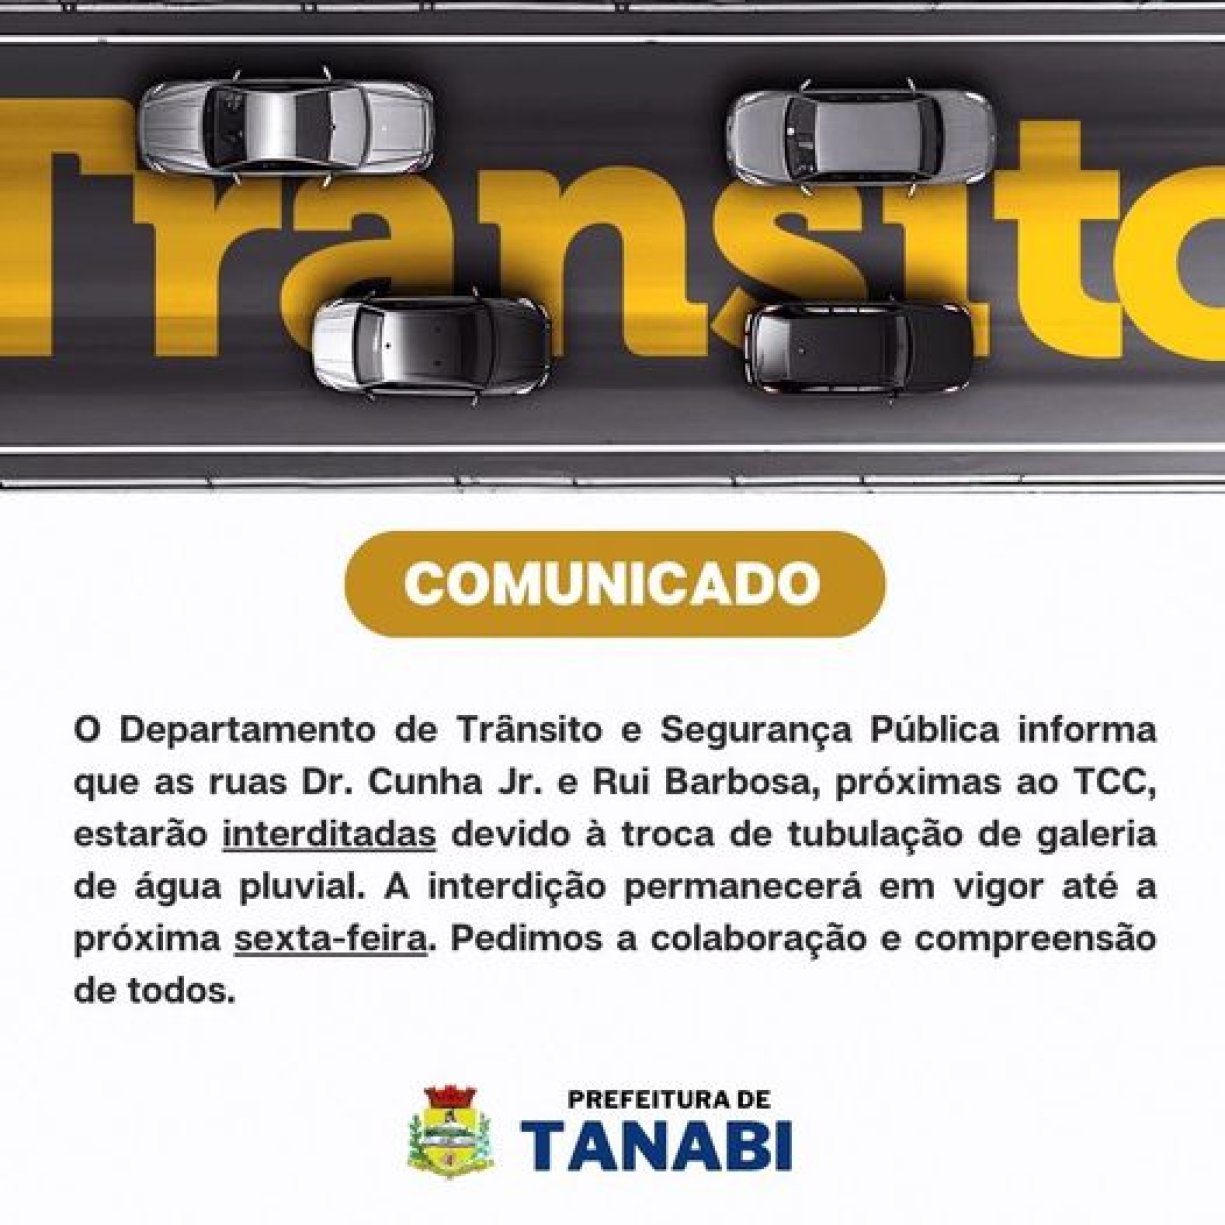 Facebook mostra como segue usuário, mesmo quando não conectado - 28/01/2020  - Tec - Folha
==
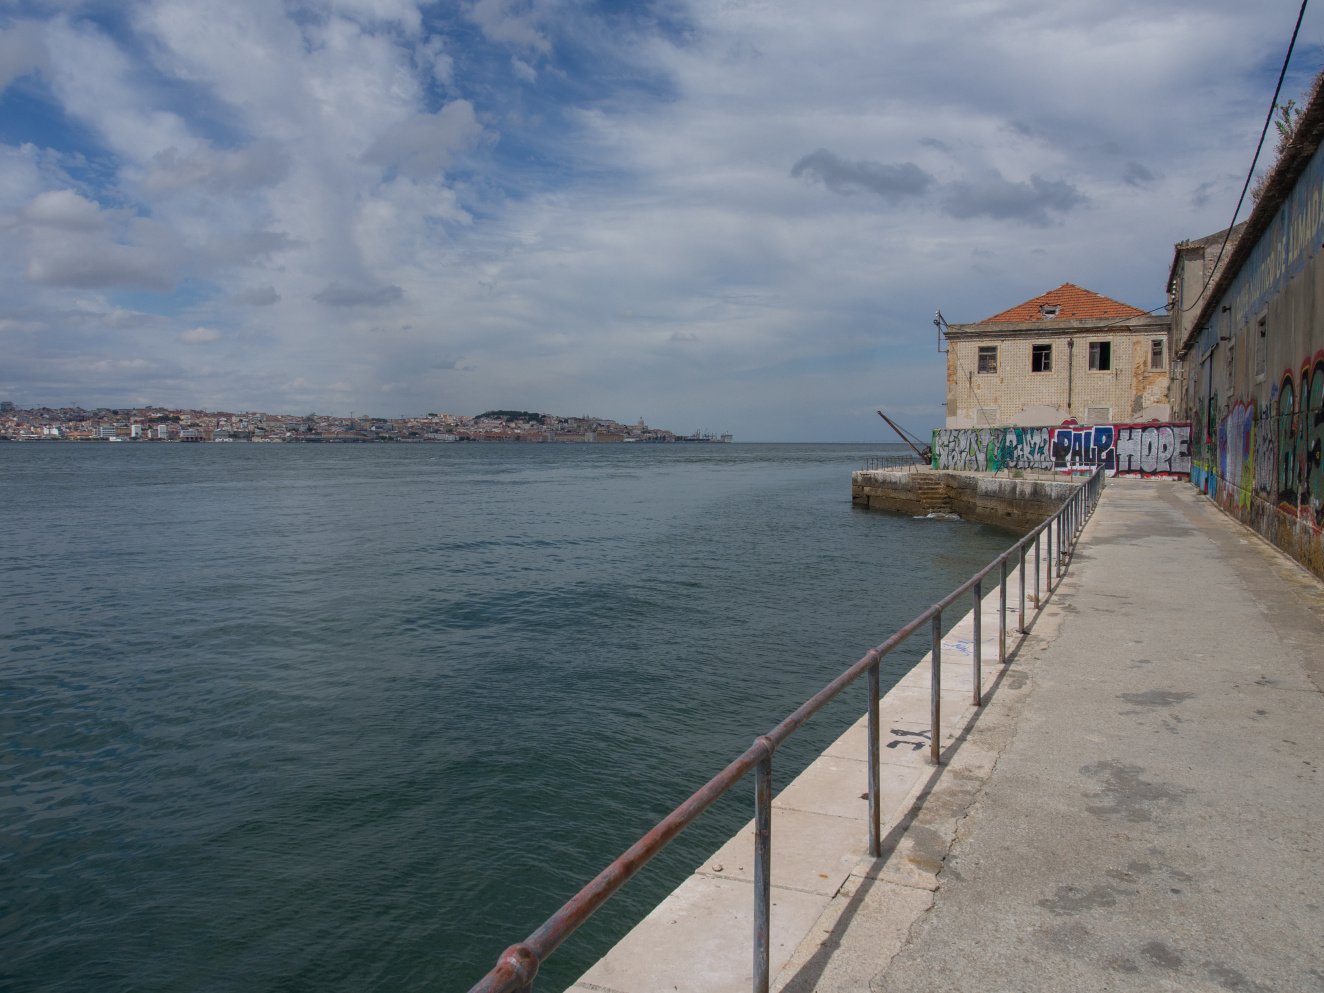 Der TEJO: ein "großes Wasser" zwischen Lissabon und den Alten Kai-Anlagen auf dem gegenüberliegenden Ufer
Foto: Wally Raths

Prompt: Within the listing above, write out the stretch from the line with "Der TEJO: ein" through the line with "Foto: Wally Raths" exactly. Any pictures are to be left out.

Expected output:
 Der TEJO: ein "großes Wasser" zwischen Lissabon und den Alten Kai-Anlagen auf dem gegenüberliegenden Ufer
Foto: Wally Raths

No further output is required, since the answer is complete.